That’s a long title, but if I don’t really spell things out my search engine friends won’t respect my content. The national real estate market today feels top heavy to me, just as it has for the past year or more. Did you know that every nice house in Florida now costs at least $10M? Did you know that if you live in Winnetka and your AGI is $3M per year you could move to AnyDecentTown, Florida and buy your $5M Winnetka house for $10M? But don’t worry, you’ll be saving $150k per year in income taxes, so you should absolutely uproot your family to sAvE mOnEy. You can use some of that $150k to pay for snake control.
What was I talking about? Right, the markets. I refuse to believe that a 700 square foot condo in Aspen that looks like a crappier Motel 8 is always going to cost $2.5M. It just isn’t. We had the perfect storm of real estate mania over recent years, and these markets that saw valuations literally double over the past 18 months are not going to hold onto all of those gains. Carve that in stone. Just as the stock market is now saying “Maybe 20% Annual Gains Forever” (MTAGF) isn’t sustainable, real estate markets in uniquely overheated regions will also follow suit. Yes, people left cities for far flung or otherwise attractive other cities, but at some point you run out of people hurriedly moving from one city to another.

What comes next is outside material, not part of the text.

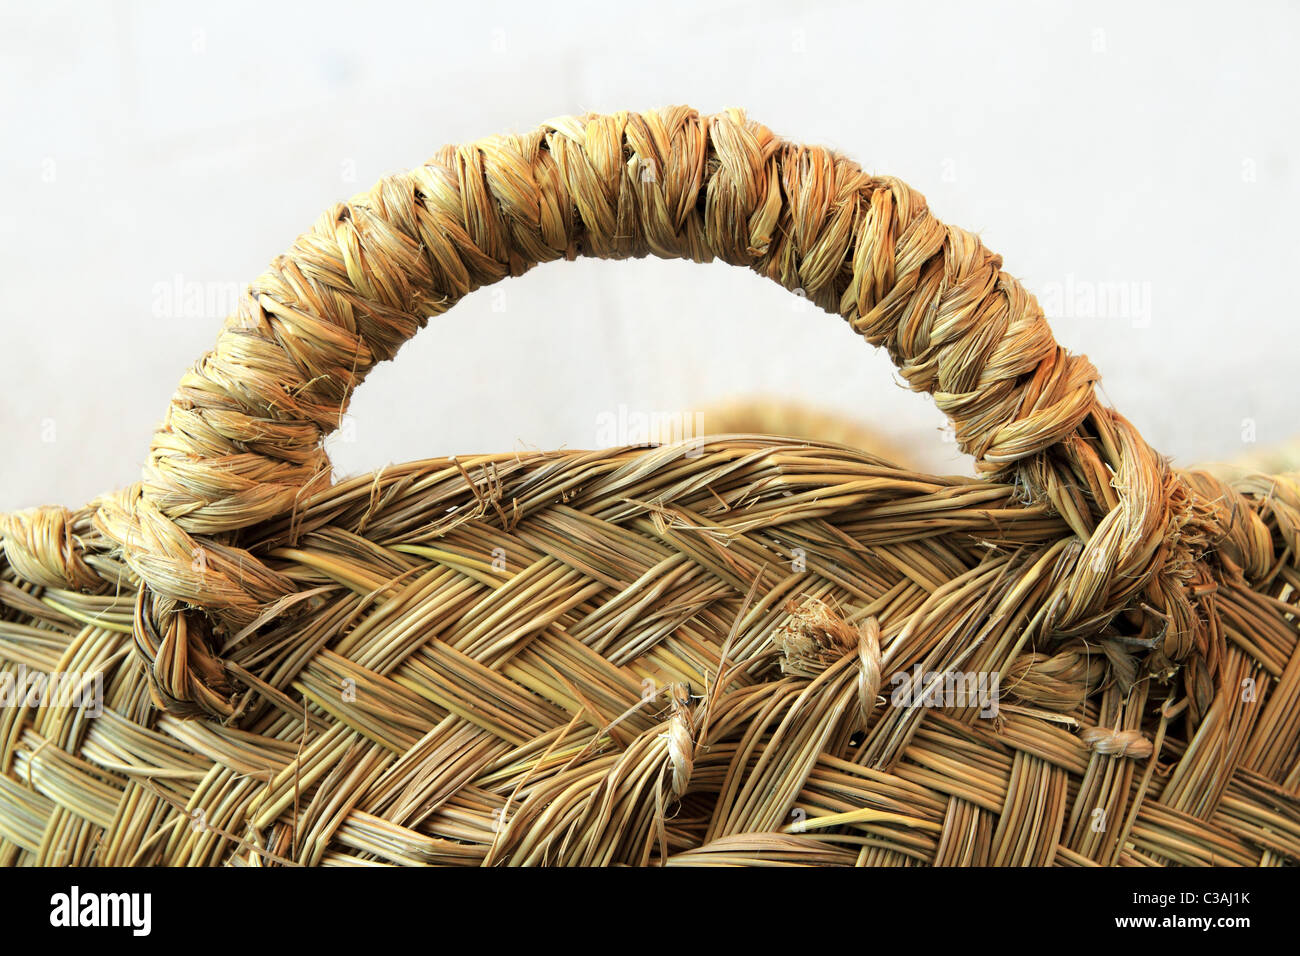 esparto grass handcraft basket handle texture traditional Spain crafts - Stock Image

The Lake Geneva real estate market has benefitted from this froth, but not nearly to the degree that other places have. I’m selling a lakefront home today that I sold a year ago. That lakefront home is selling for a 20% premium over its prior sale. Is that a big move? Yes. Did you also know that Aspen YoY gains are 60%? Now you do. Did you know there are now summer rentals in the Hamptons that will run you $1,000,000 per month? Market froth is not applied evenly, and so while Lake Geneva has had a very nice run, we haven’t been out of our minds like almost every other elite destination in these United States. The Midwest might boast the most miserable Aprils, but we still have some economic sensibilities.
It isn’t the size of our frothy dollop that might save us from a significant downturn. If we avoid a painful landing, it’ll be owed to the thing that has historically made Lake Geneva as popular as it is. This might surprise you, but it’s not the amazing water quality or our beautiful shoreline. It isn’t our coffee or ice cream shops. It isn’t even the way an A-Scow race looks on a Tuesday evening and that beautiful grass that connects your lakeside patio to your private pier. It’s our geography. Torch Lake in Michigan is a nice lake. I dare you to drive up on a Friday night and return home Sunday morning because Junior has an 11 am soccer tournament. Aspen is a cool place, but unless your jet has your name on the tail, you’re not going to run there on Saturday because the weather forecast was wrong and it turned out to be 80 and sunny. Even if you do go to Aspen in July on that 80 degree sunny day, do you really feel like going for a hike? I guess if you don’t feel like going for a hike you could always GO FOR TWO HIKES.
I have two lakefront deals pending this morning, both off-market transactions. Do you know who hates off market transactions? People who don’t have buyers and sellers to connect in off market transactions. I put two more deals under contract last week, both of those are also off market. Why do buyers and sellers like off market deals? Because they’re easy and simple. If you want to list your home on the open market, that’s wonderful and still very useful, but as a buyer you’re aware that by the time a property hits the open market it has already been considered by lots of other buyers, right? Maybe you don’t know that. Maybe you think that automated listing feed is your inside track.
The market at Lake Geneva this morning is somewhat mixed. Interest rates are rising fast, and that increase is causing some people to rush to purchase something because rates are likely going to be even higher next month. Is this a continuation of our trend or a blow off top? Your interpretation of the movement is anecdotal, for now. The equity markets are faltering, or at least all of the equities I own are, and we cannot pretend that a disrupted stock market has no bearing on the vacation home market. It does. Yet every time I think the market is beginning to pause, buyers materialize and snap up inventory. I was working to list a home in the $1M+ range last week when the home sold before I could even tell them that they should let me sell it off market. That sort of market movement is still present, and as long as motivated buyers crash headfirst into an absence of inventory, a market cannot see meaningful valuation declines.
The lakefront market today is testing the motivation of the would-be lakefront buyer. Will buyers pay enormous prices for properties that shouldn’t command them? I say the answer is no, or at least it’s a no from buyers who seek my counsel, but I do not have the ear of every buyer in this market, which is something I continue to work on. My best advice for buyers in this market remains as it has been for the past two years. You’re going to pay a market premium to purchase a lakefront home in 2022. That premium is going to be in the neighborhood of 10-20% over valuations from last summer. If you can abide that increase, which is modest when compared to other premier vacation home markets that lack our meaningful geographic advantage, then you should be hunting down blue chip properties. Don’t buy the garbage just because it might be available or feel otherwise “cheap”. Buy quality locations and quality homes, and if you do that, you’ll have positioned yourself to endure a sideways or otherwise choppy market.
PS. If Florida snakes aren’t to your liking, you can always move to Austin where you need to worry about snakes AND boil your water.